━━━ Data shown
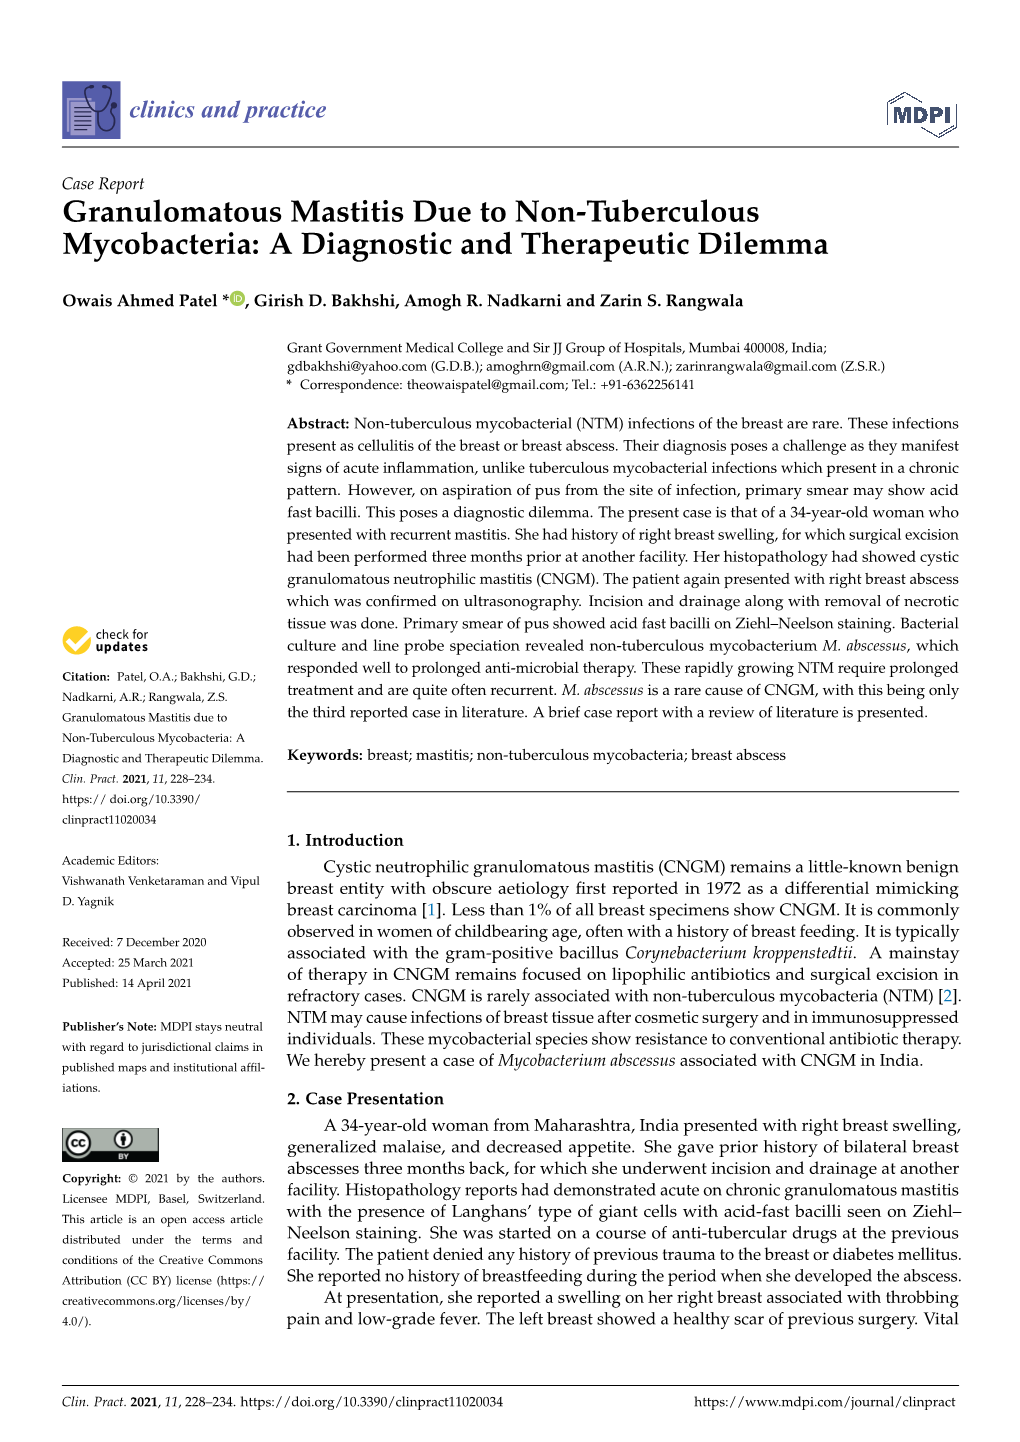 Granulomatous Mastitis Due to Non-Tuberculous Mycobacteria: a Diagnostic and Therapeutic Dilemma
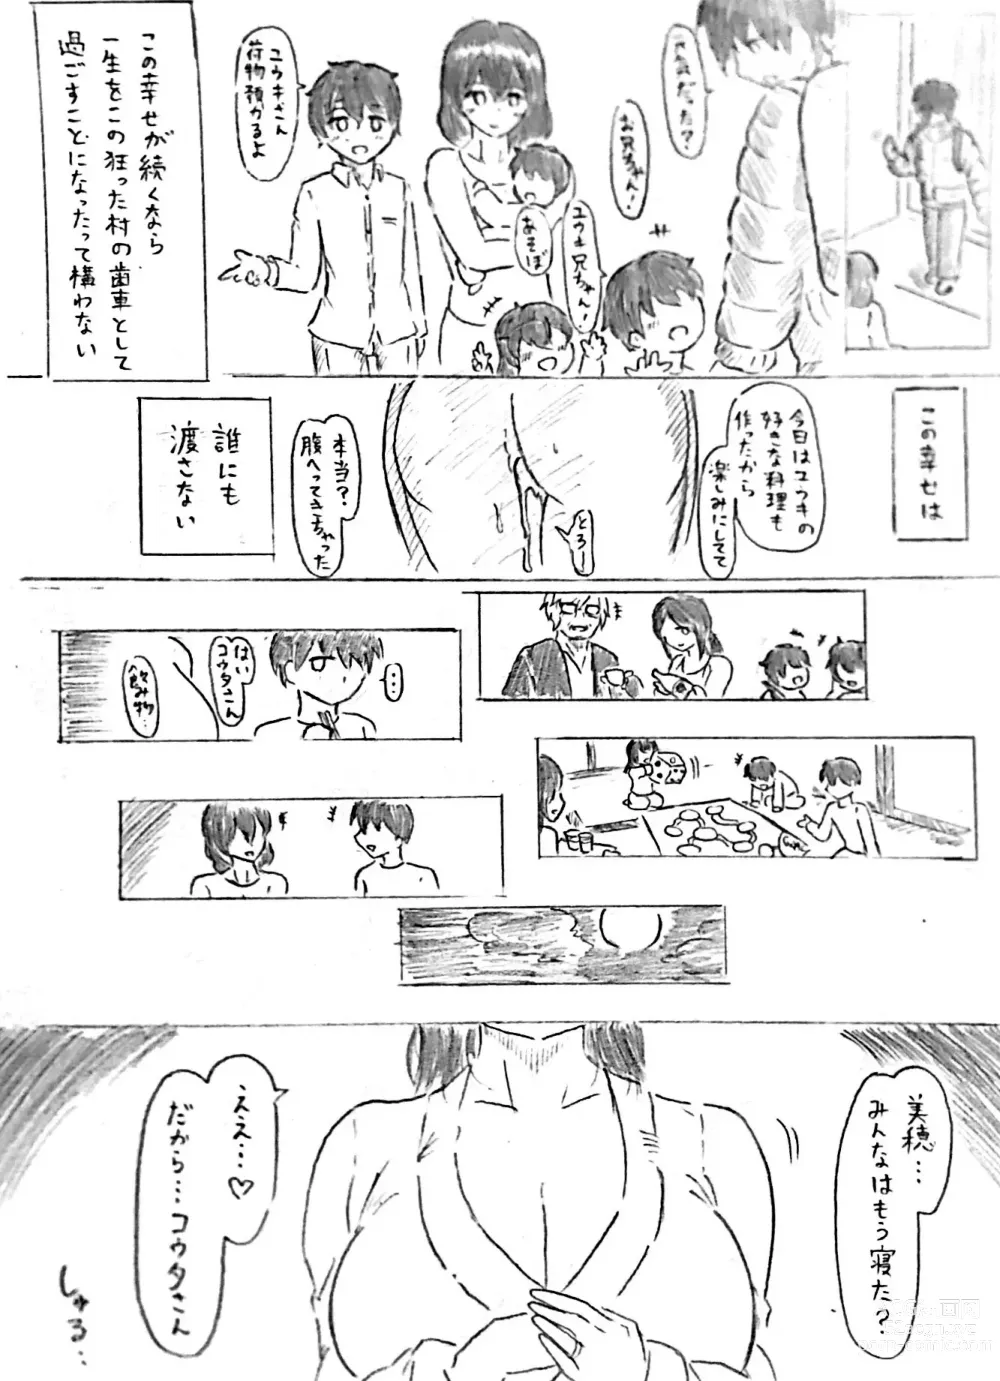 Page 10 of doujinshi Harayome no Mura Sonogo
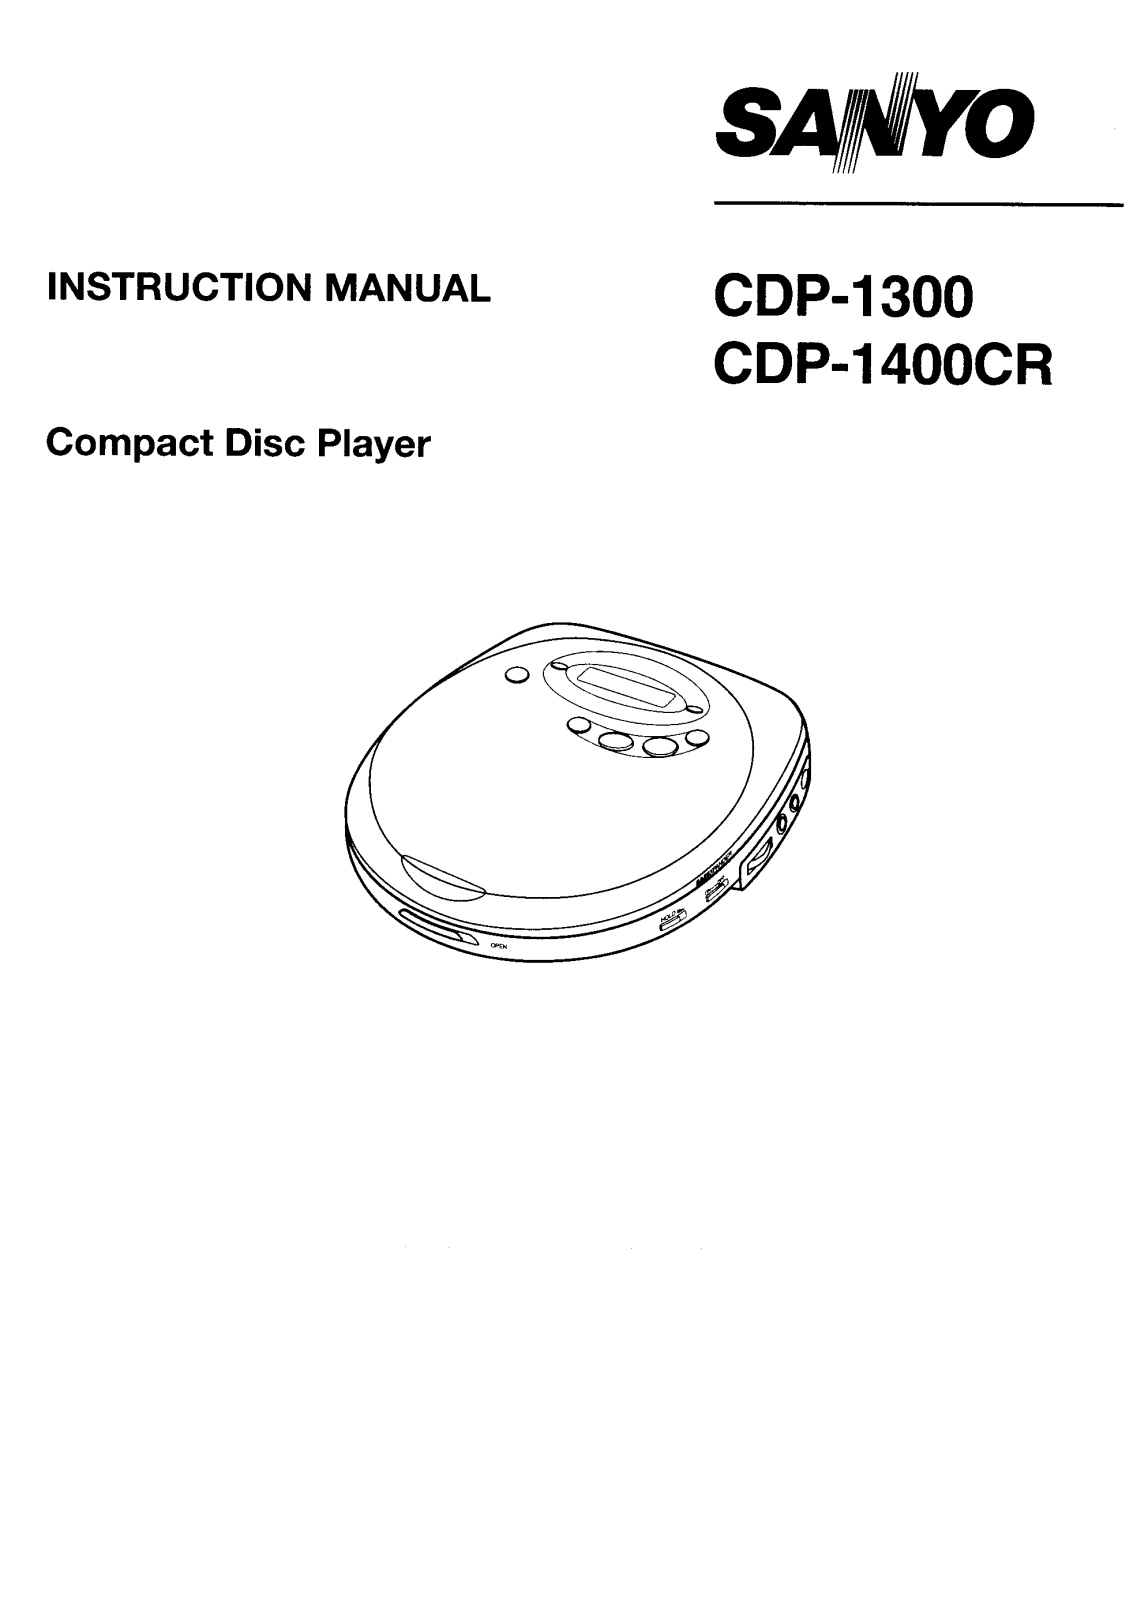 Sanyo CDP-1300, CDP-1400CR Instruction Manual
━━━━━━
Pictures are not part of the copy; transcribe the rest of the data verbatim.

 Granulomatous Mastitis Due to Non-Tuberculous Mycobacteria: a Diagnostic and Therapeutic Dilemma
 Page 10 of doujinshi Harayome no Mura Sonogo
 Sanyo CDP-1300, CDP-1400CR Instruction Manual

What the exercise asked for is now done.